Progress

We have created ANNs for the females of all species in this group. Identification accuracy varies widely depending mostly on the number of unique individuals used in training the ANN. When sufficient numbers (more than 10 specimens) were available, accuracy falls in the 90—99% range. We have developed tools to partially compensate for the lack of replicate specimens, but it is difficult to predict the effectiveness of these techniques for some very rare groups, as the amount of intraspecific and interspecific variation differs considerably between groups. We are currently working on training ANNs for the males. Early results indicate that the accuracy of identification may be higher due to the extra information provided by the two views we are submitting to the system.

SPIDA-web: The Internet Interface

SPIDA-web is up and running for female specimens only, allowing registered users to submit images to the networks for species level identifications (see Instructions for details). Users submit minimally processed images and receive back identifications and information on matching species from a database, including images, drawings and distribution maps. Submitted images need only be 256x256 pixels, grayscale, and cropped square. We hope to have the males finished by early fall, 2005.

Every image submitted to SPIDA-web will be stored in a database for future supervised inclusion in the training sets for underrepresented species. This will allow the system to evolve and improve as people use it. In the future, we would like to collect locality data for each image as well, so we can expand the distribution maps in our database.

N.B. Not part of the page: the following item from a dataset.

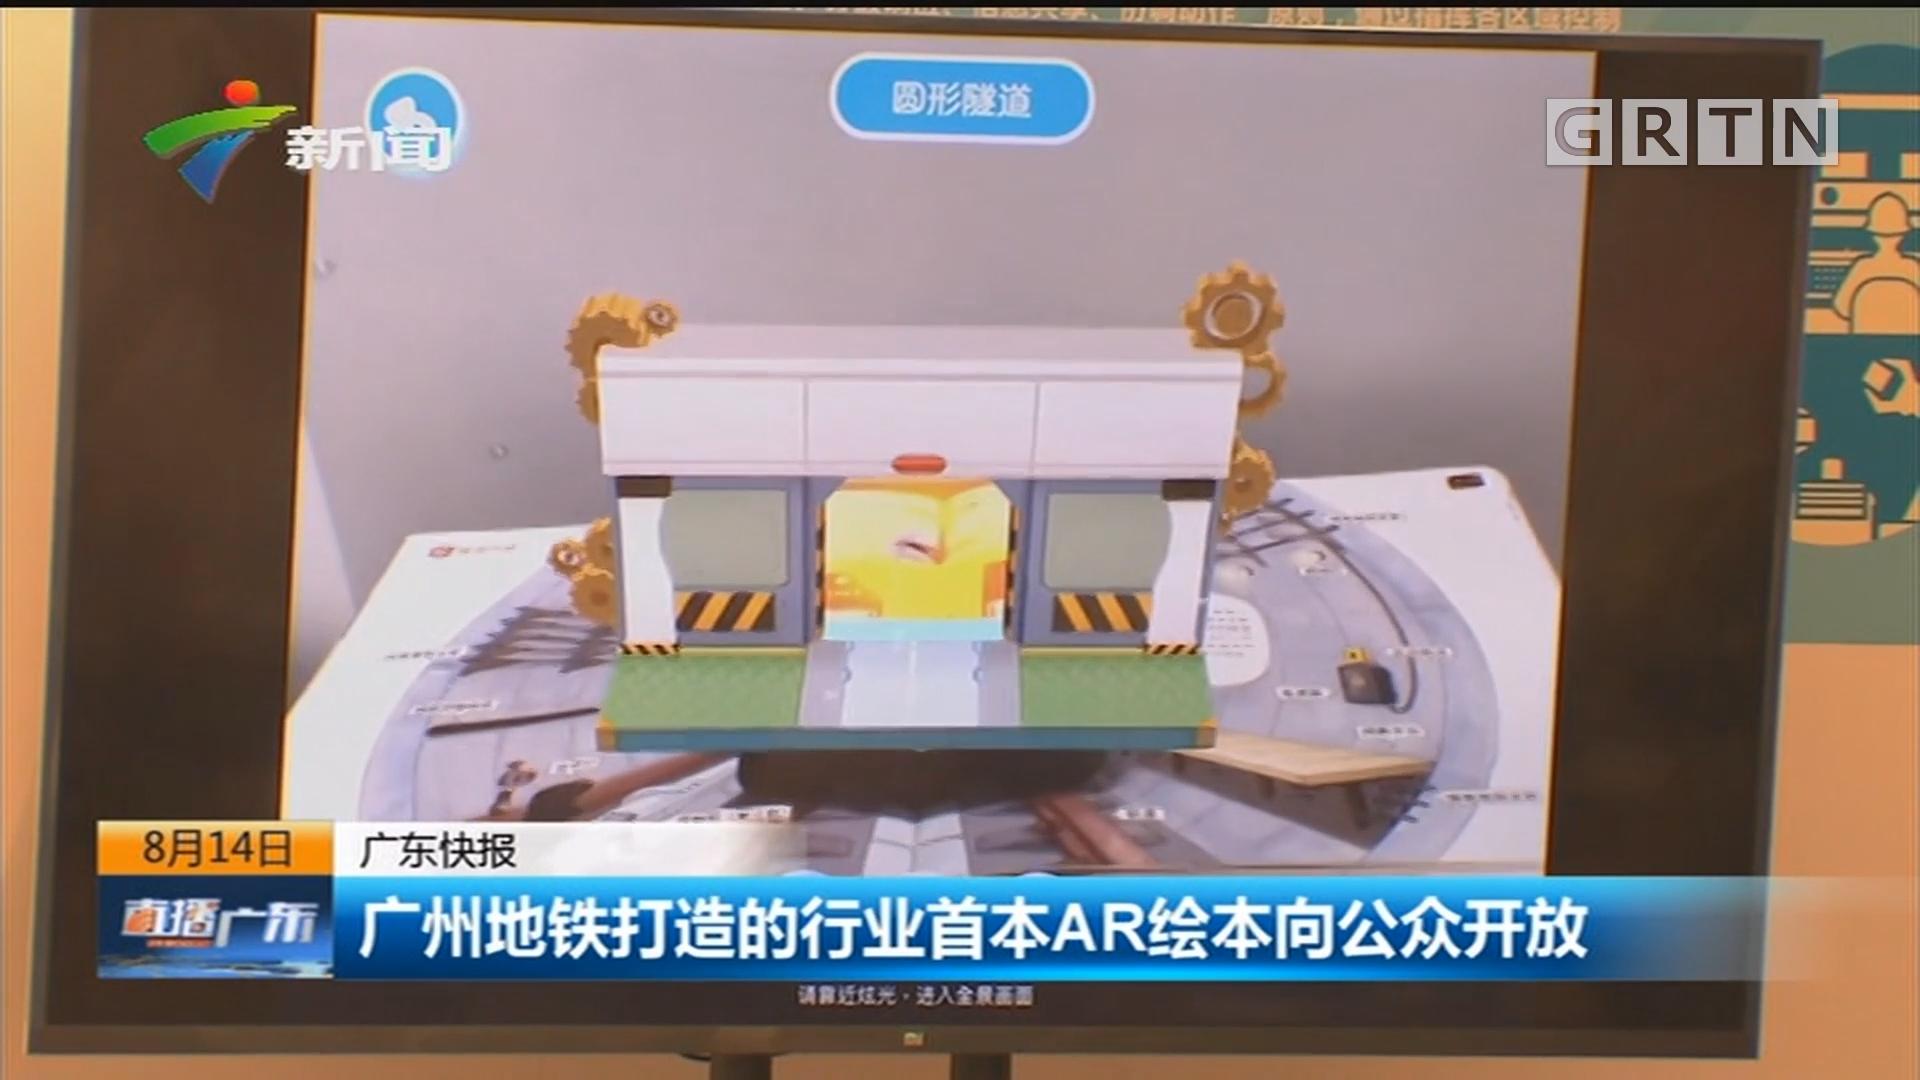 广州地铁打造的行业首本AR绘本向公众开放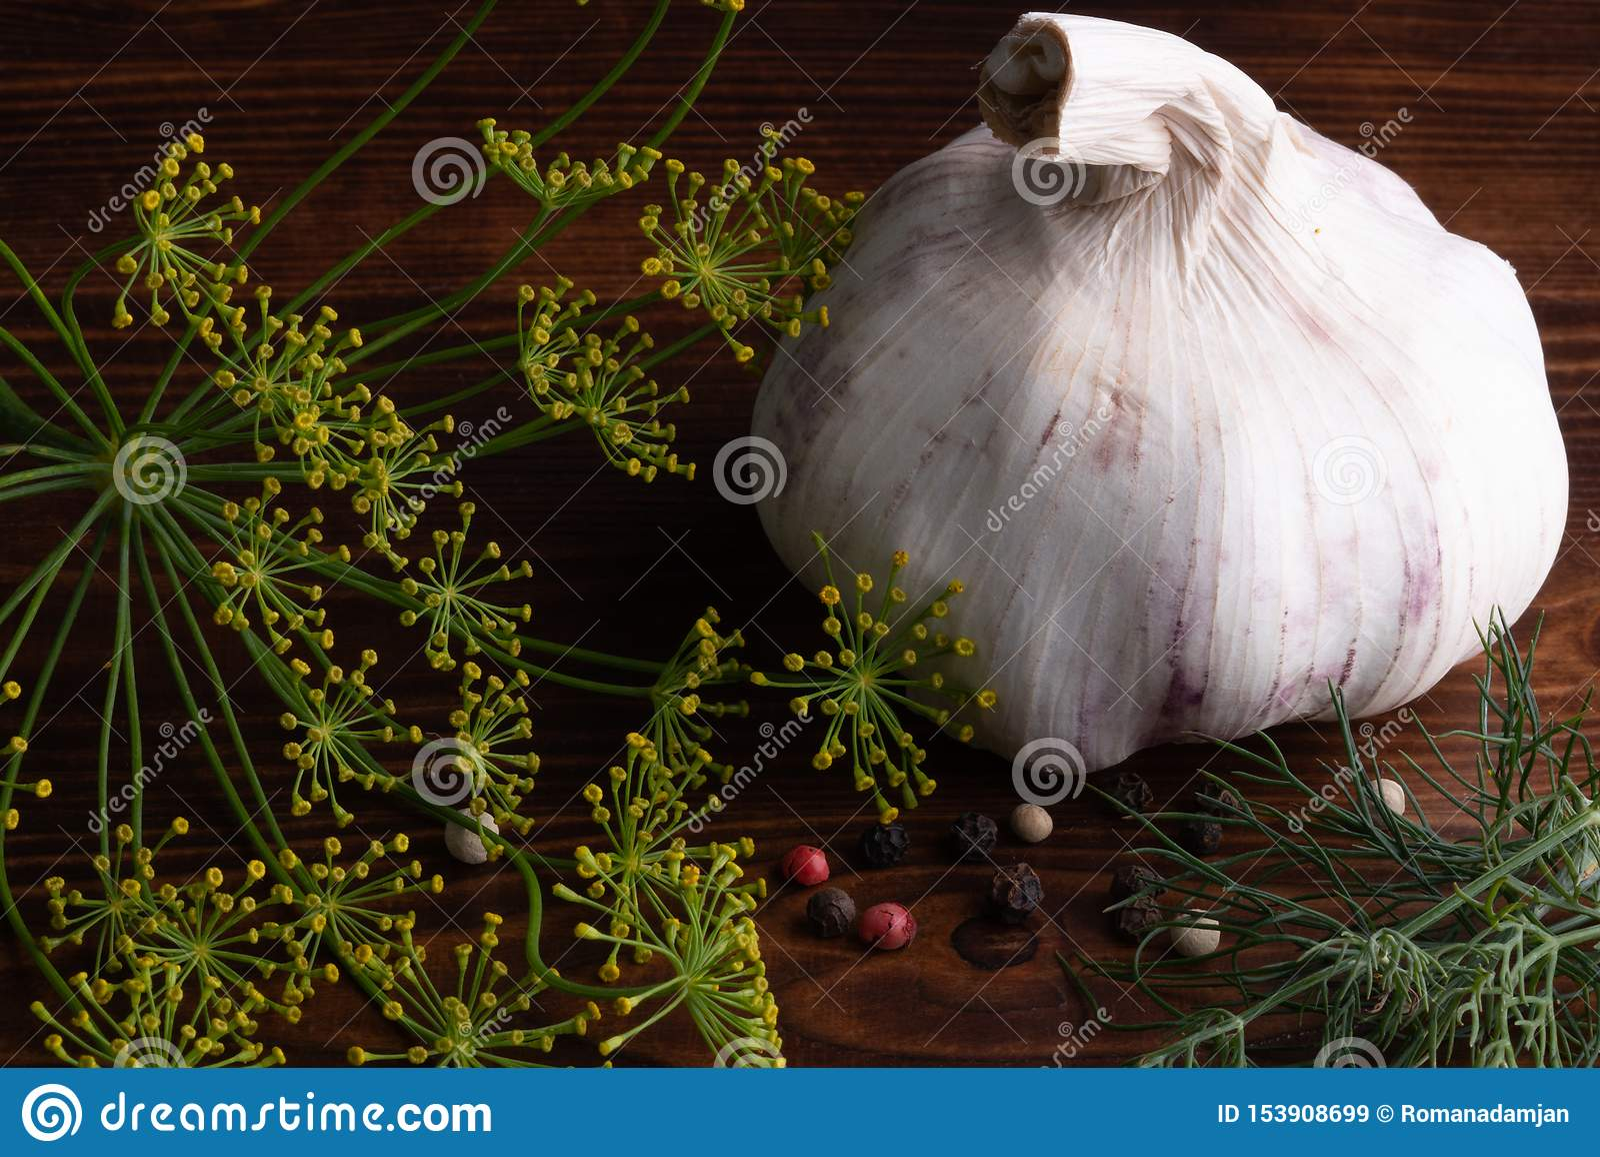 Alho enorme, rústico com pimenta preta, branca, vermelha, aneto e salsa na tabela de madeira velha Baixa chave

The flowchart illustrates the sequence of events.

Future Work

*My [Dr. K. Russell] vision is to create some sort of non-profit center or institute for automated species identification. This center could be housed anywhere, but preferably at a museum or university and would consist of myself, Mr. Martin Do (the computer scientist/programmer on the project) and a few programmers and technicians. Scientists or other organizations interested in developing an identification system for their particular group (or location) would contract us for the work. Through consultation with them, we would make the necessary input modifications (one image, many images, sound, etc.) and build the system. Once built, it could either be housed on the center's servers, or taken by the contracting institution. ANN-based systems should ideally be dynamic, such that as people use the system, it improves by making use of the incoming information. In addition, as taxonomy is still rather fluid for many groups, these changes would need to be incorporated. Therefore, there is a certain amount of necessary maintenance. Part of the center's purpose could be to maintain the identification systems or to train others to do so. I think it makes more sense to have a central location for this work than to move from institution to institution as part of various individual grants to work on different groups. The center would also serve as a place to bring disparate initiatives together--different taxa and different approaches to automated species identification.